Address a race condition between shutdown and suspend operations in the
UFS Mediatek driver. Before entering suspend, check if a shutdown is in
progress to prevent conflicts and ensure system stability.

Signed-off-by: Peter Wang <peter.wang@mediatek.com>
Acked-by: Chun-Hung Wu <chun-hung.wu@mediatek.com>
Link: https://patch.msgid.link/20250924094527.2992256-6-peter.wang@mediatek.com
Signed-off-by: Martin K. Petersen <martin.petersen@oracle.com>
Signed-off-by: Sasha Levin <sashal@kernel.org>
---

LLM Generated explanations, may be completely bogus:

## Analysis Summary

### 1. Commit Message Analysis
- **Subject**: "Fix shutdown/suspend race condition" - clearly indicates
  a bug fix
- **No Cc: stable tag** or **Fixes: tag** present
- The message describes preventing conflicts between shutdown and
  suspend operations "to ensure system stability"

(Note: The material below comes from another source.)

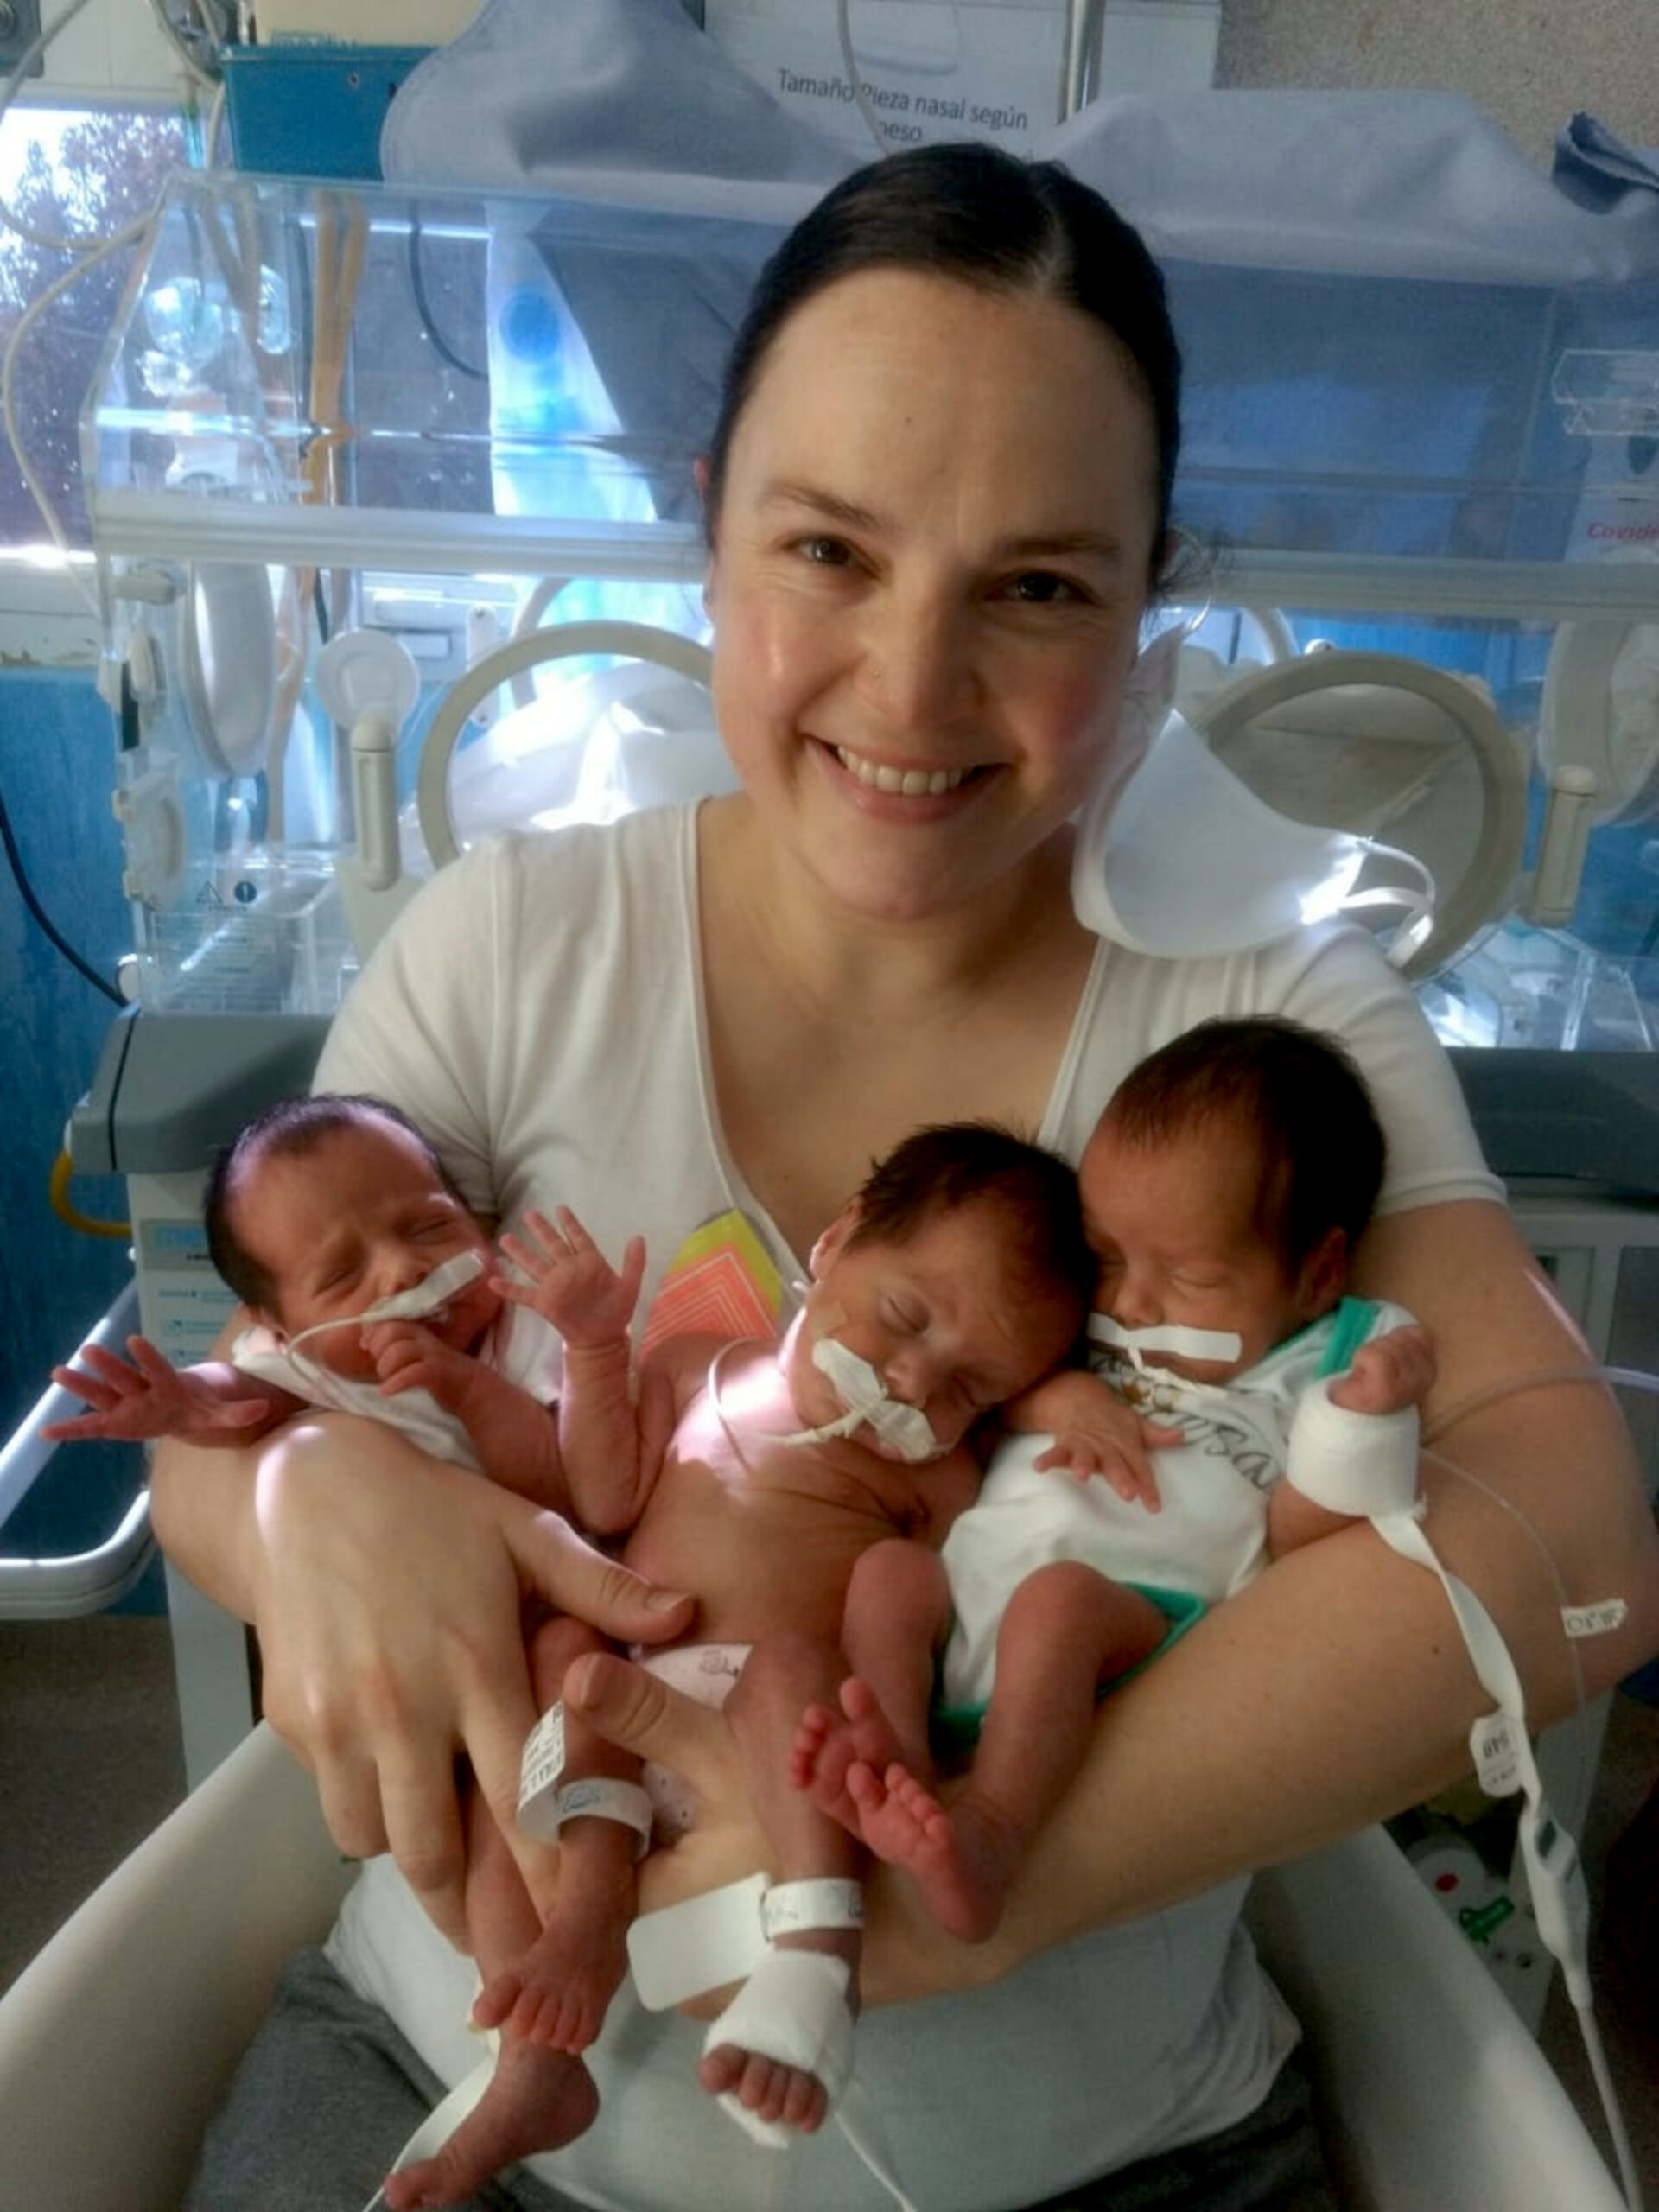 Girl Power Rare Identical Triplets Born In Argentina Are Back Home Free Press Of Jacksonville
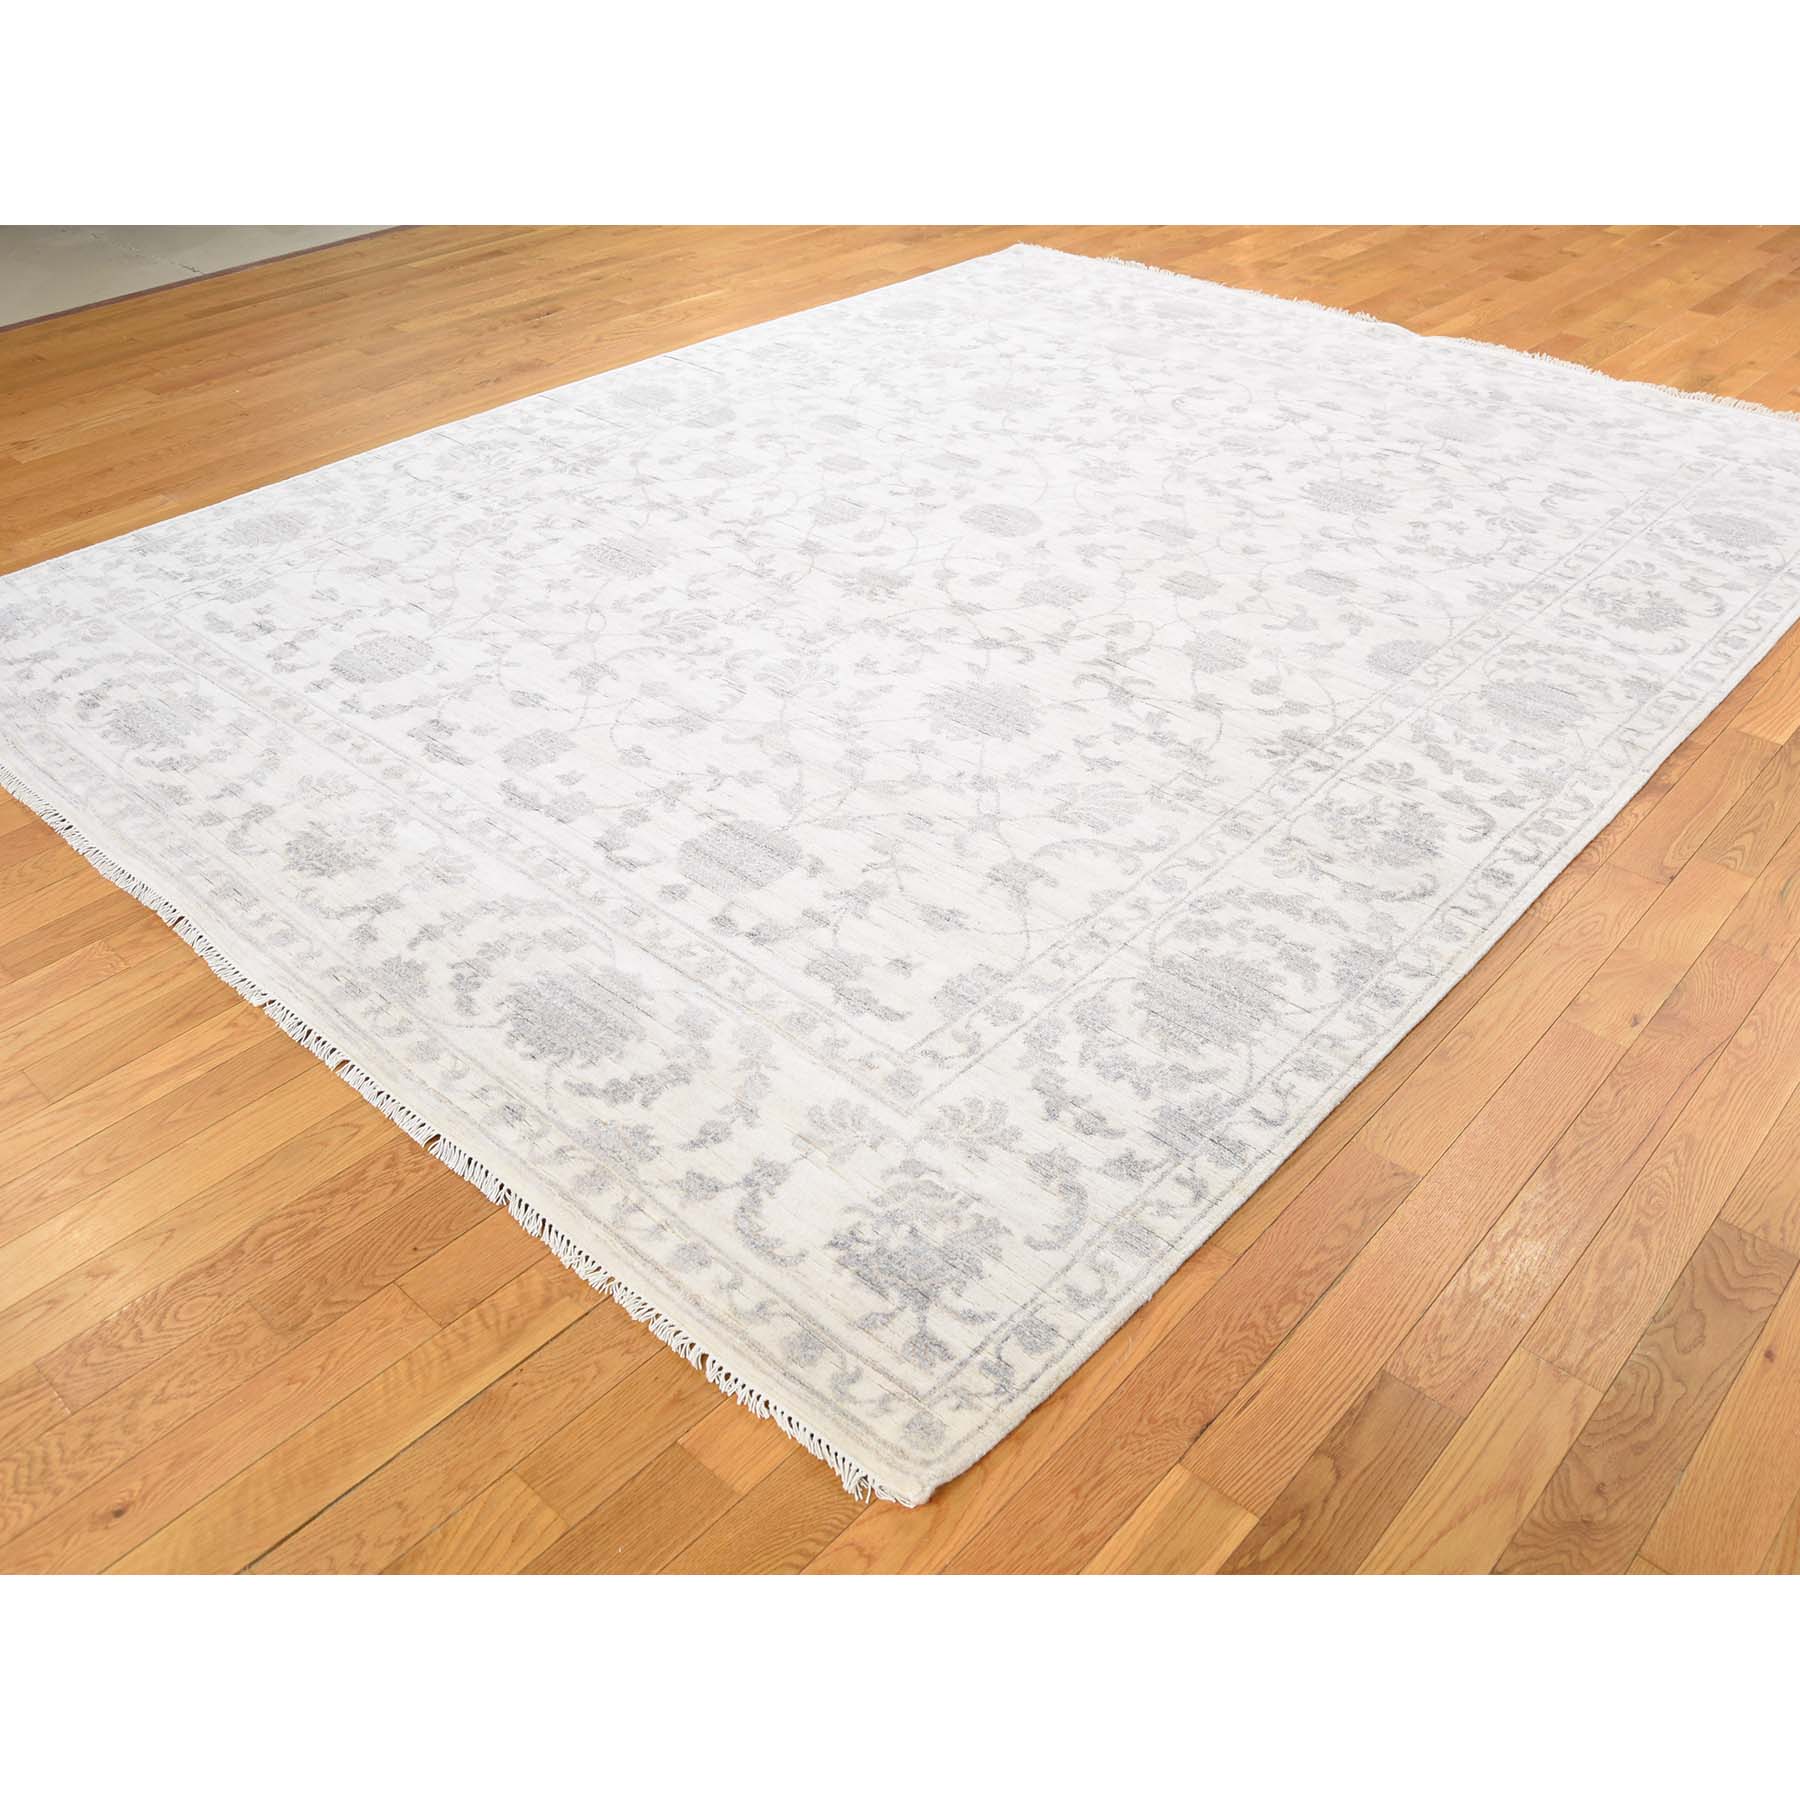 8-1 x10-3  Wool and Silk Tone on Tone Agra Hand-Knotted Oriental Rug

### 2. Code Change Analysis
The fix is extremely small (4 lines):
```c
if (hba->shutting_down) {
    ret = -EBUSY;
    goto out;
}
```

**What it does**: At the start of `ufs_mtk_system_suspend()`, before
calling `ufshcd_system_suspend()` and performing Mediatek-specific
operations (voltage regulator LPM, MTCMOS control), it checks if
`hba->shutting_down` is true.

**Why the race is problematic**: The Mediatek driver performs hardware-
specific operations after calling the core suspend:
- `ufs_mtk_dev_vreg_set_lpm()` - controls voltage regulators
- `ufs_mtk_mtcmos_ctrl()` - controls power domains

If shutdown is in progress (`ufshcd_wl_shutdown()` sets
`hba->shutting_down = true`), these operations could conflict with the
shutdown sequence that also manipulates hardware state, causing
instability.

### 3. Classification
- **Bug fix**: Yes - fixes a real race condition
- **Not a feature**: No new functionality, APIs, or capabilities added
- Uses existing infrastructure (`shutting_down` flag already exists in
  `struct ufs_hba`)

### 4. Scope and Risk Assessment
- **Lines changed**: 4 lines (minimal)
- **Files touched**: 1 (driver-specific)
- **Risk**: Very low - adds a defensive early return that makes the
  driver more conservative
- **Regression potential**: Minimal - worst case is a suspend returning
  `-EBUSY` when it shouldn't, but this is very unlikely given the
  shutdown context

### 5. User Impact
- **Affected hardware**: Mediatek UFS storage (common in Android devices
  and embedded systems)
- **Severity**: Race conditions between suspend/shutdown can cause
  system hangs, crashes, or data corruption
- **Real-world scenario**: User initiates shutdown while system is
  suspending (e.g., closing laptop lid during shutdown)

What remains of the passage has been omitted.